Given information:
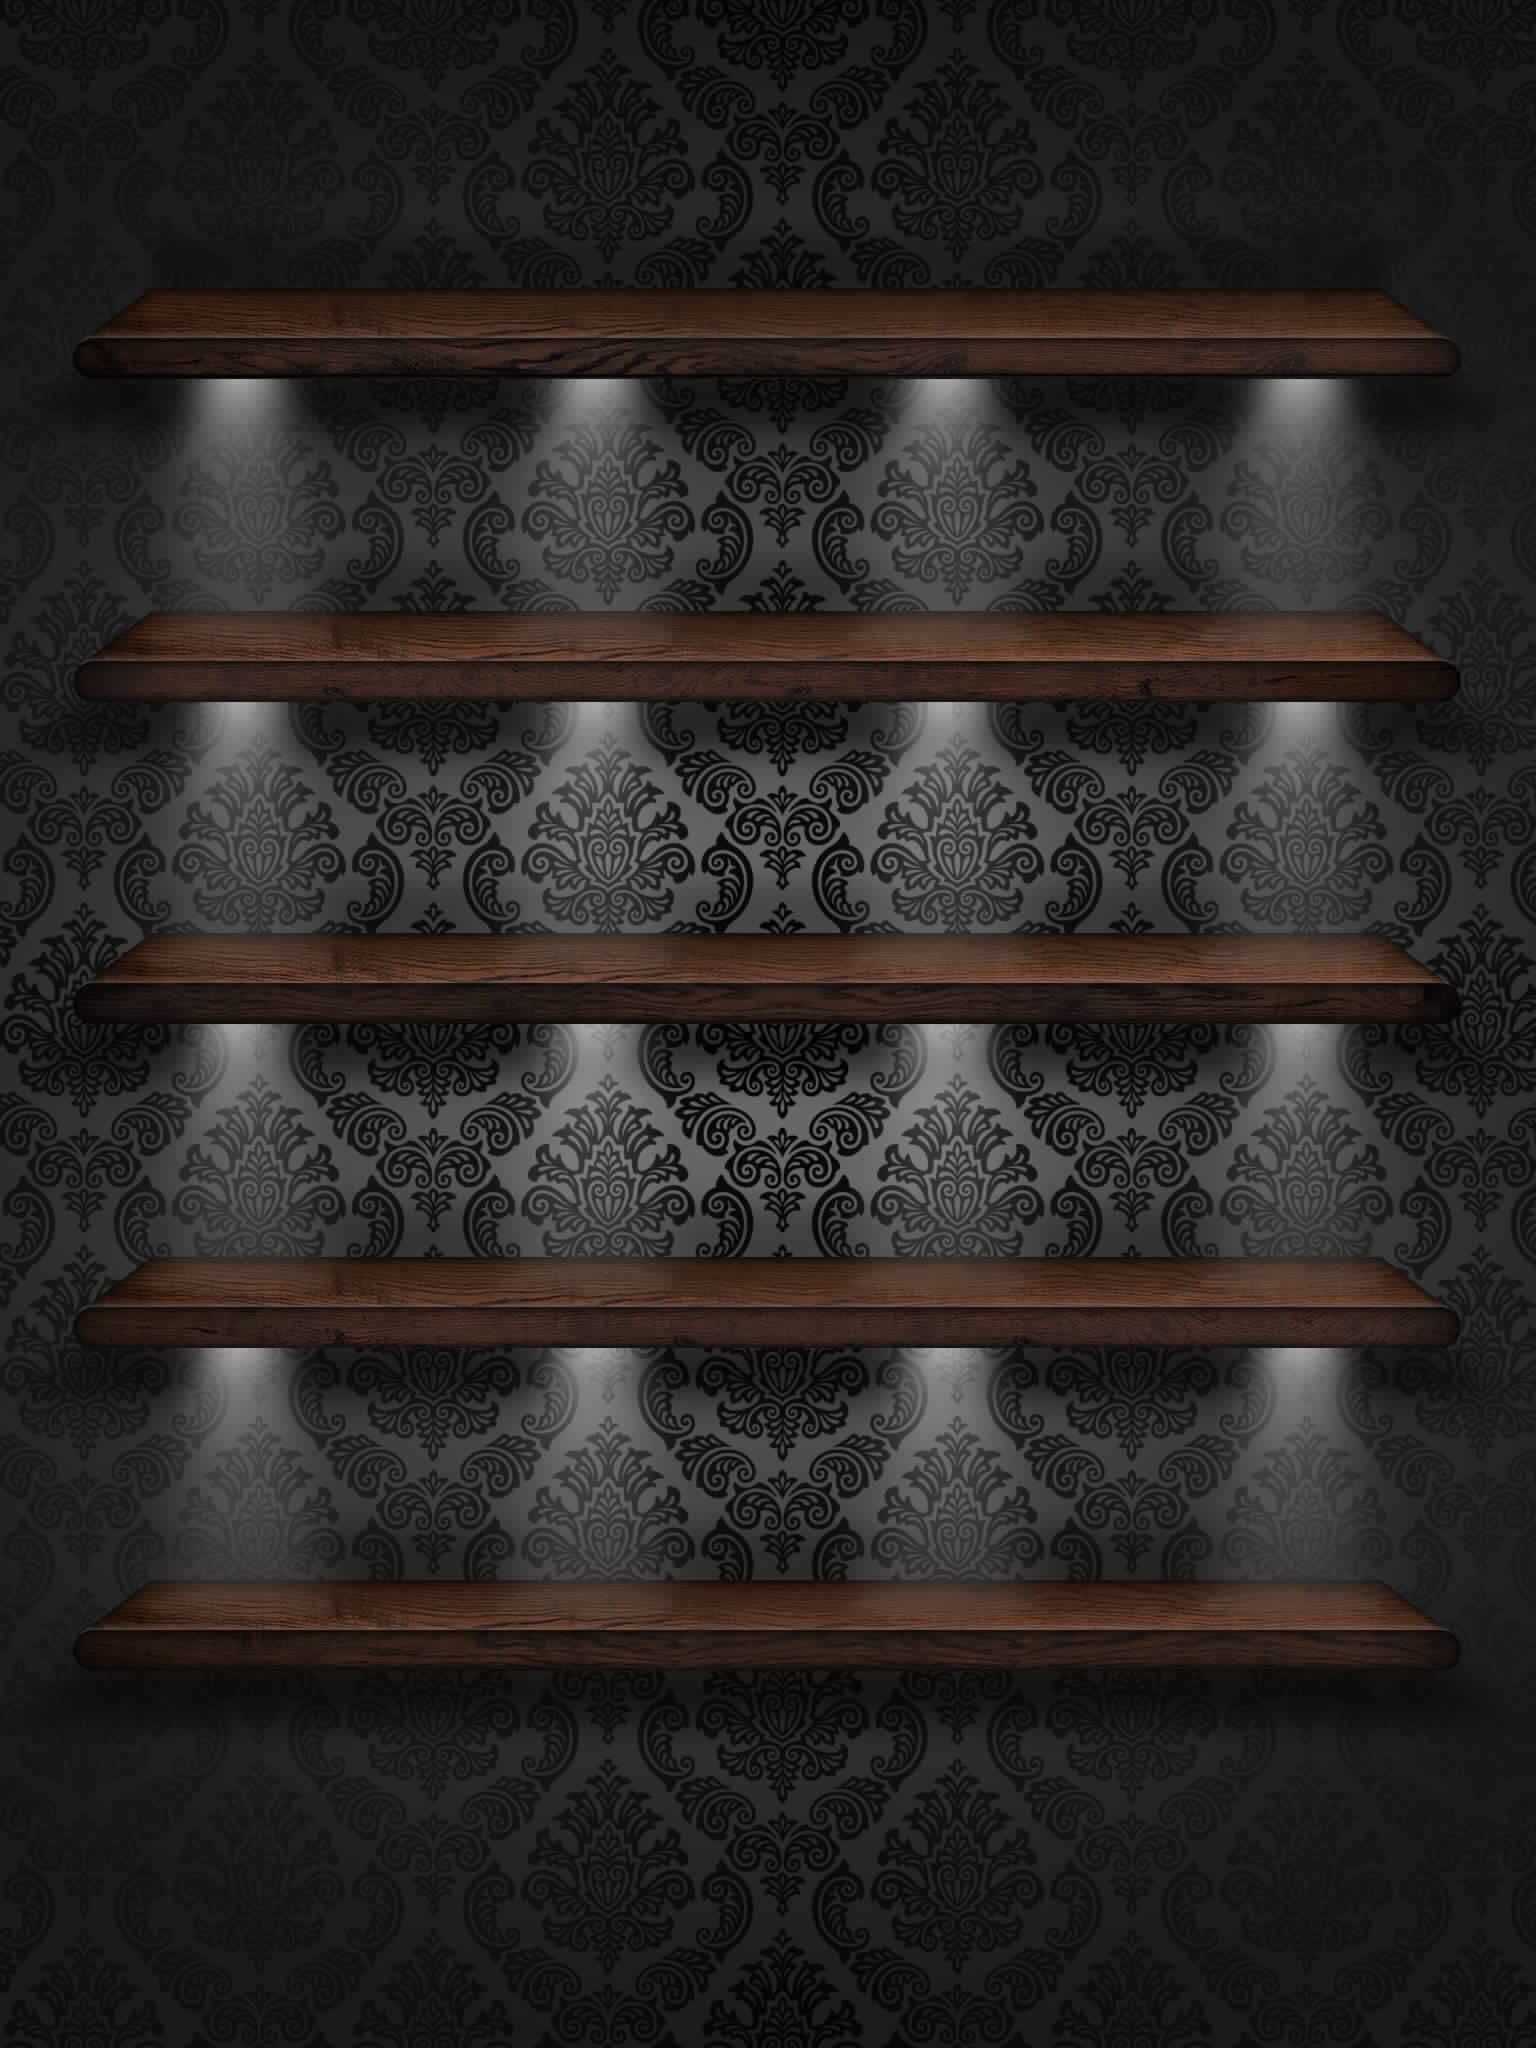 Aesthetic Black Wallpaper With Shelves
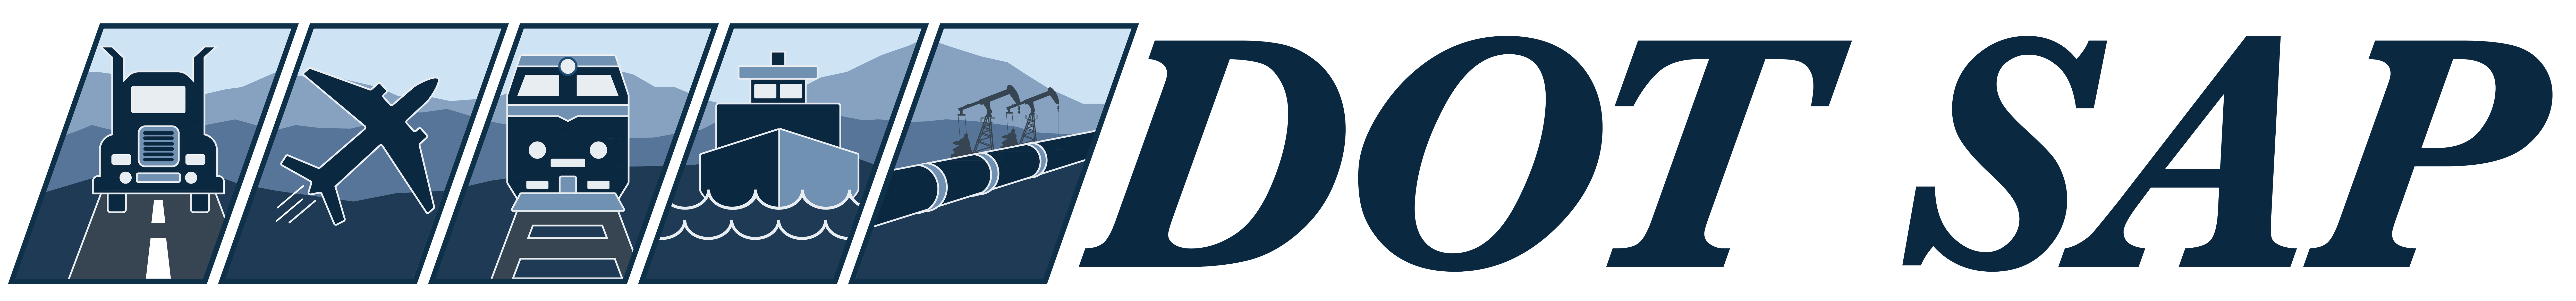 DOTSAP-Logo-01
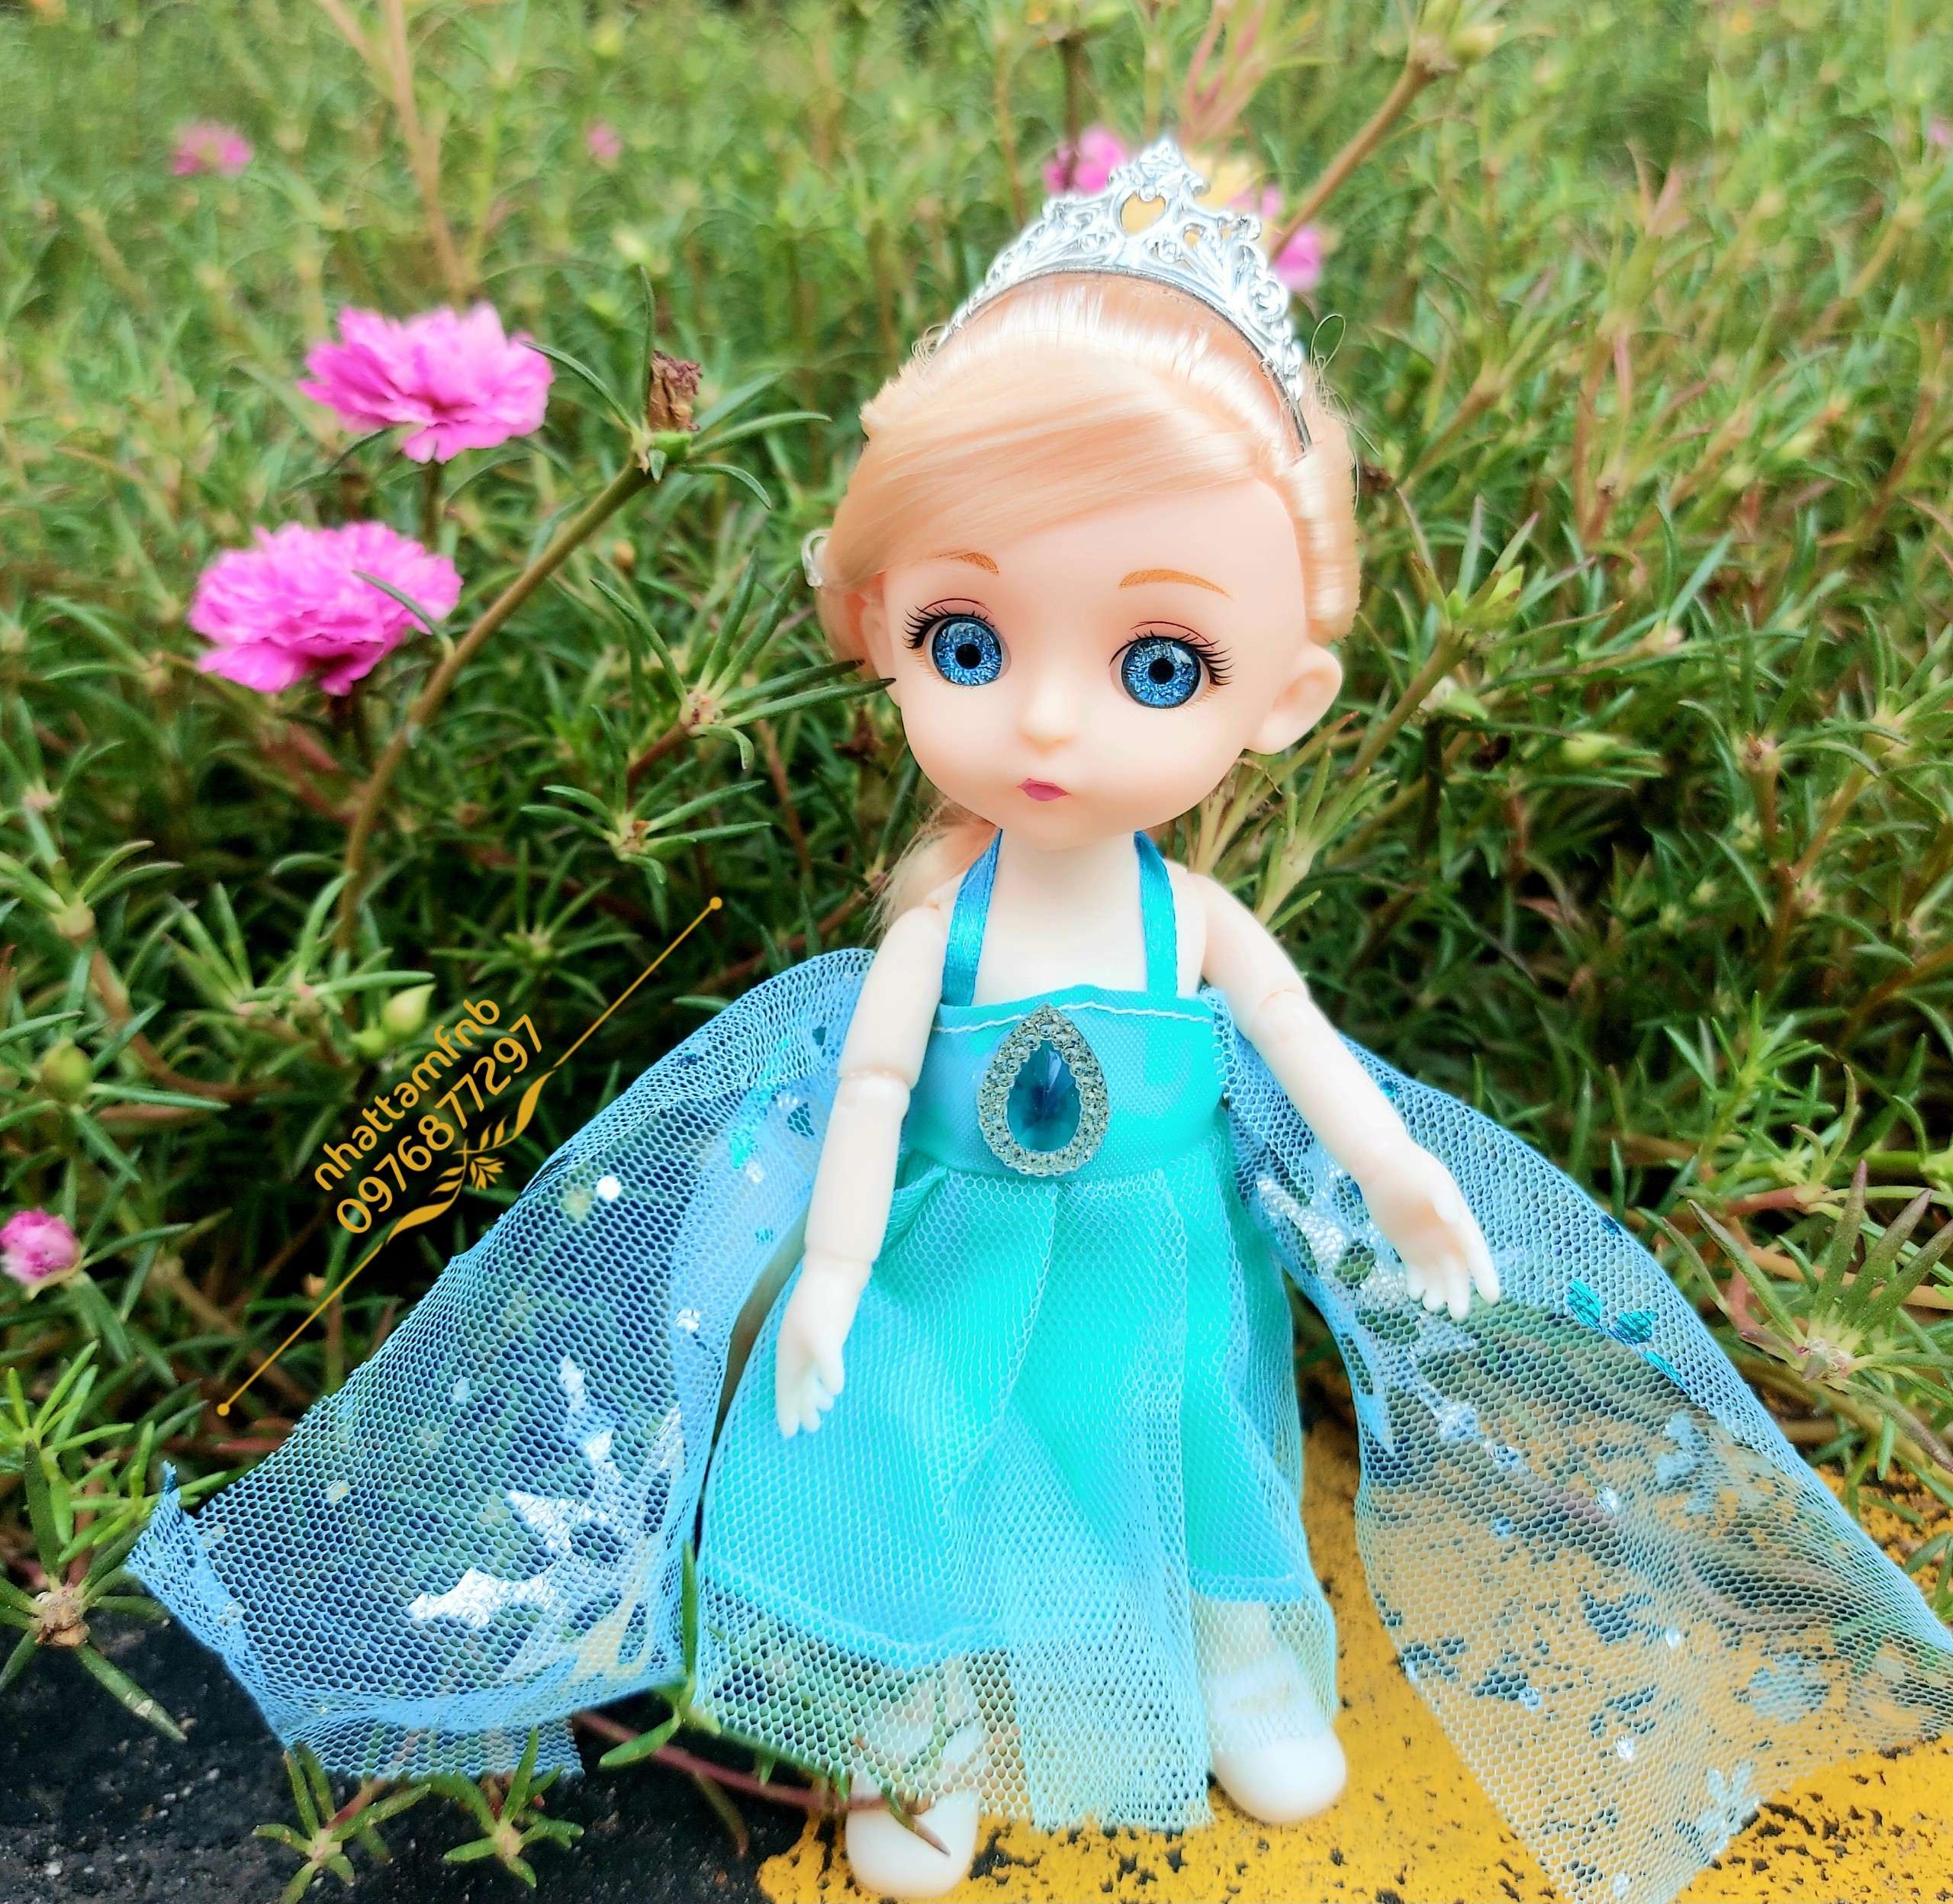 Váy đầm công chúa Elsa

Exercise description:
Reproduce the whole listing above word for word, dropping each image.

Solution for this problem:
 Aesthetic Black Wallpaper With Shelves
 DOTSAP-Logo-01
 Váy đầm công chúa Elsa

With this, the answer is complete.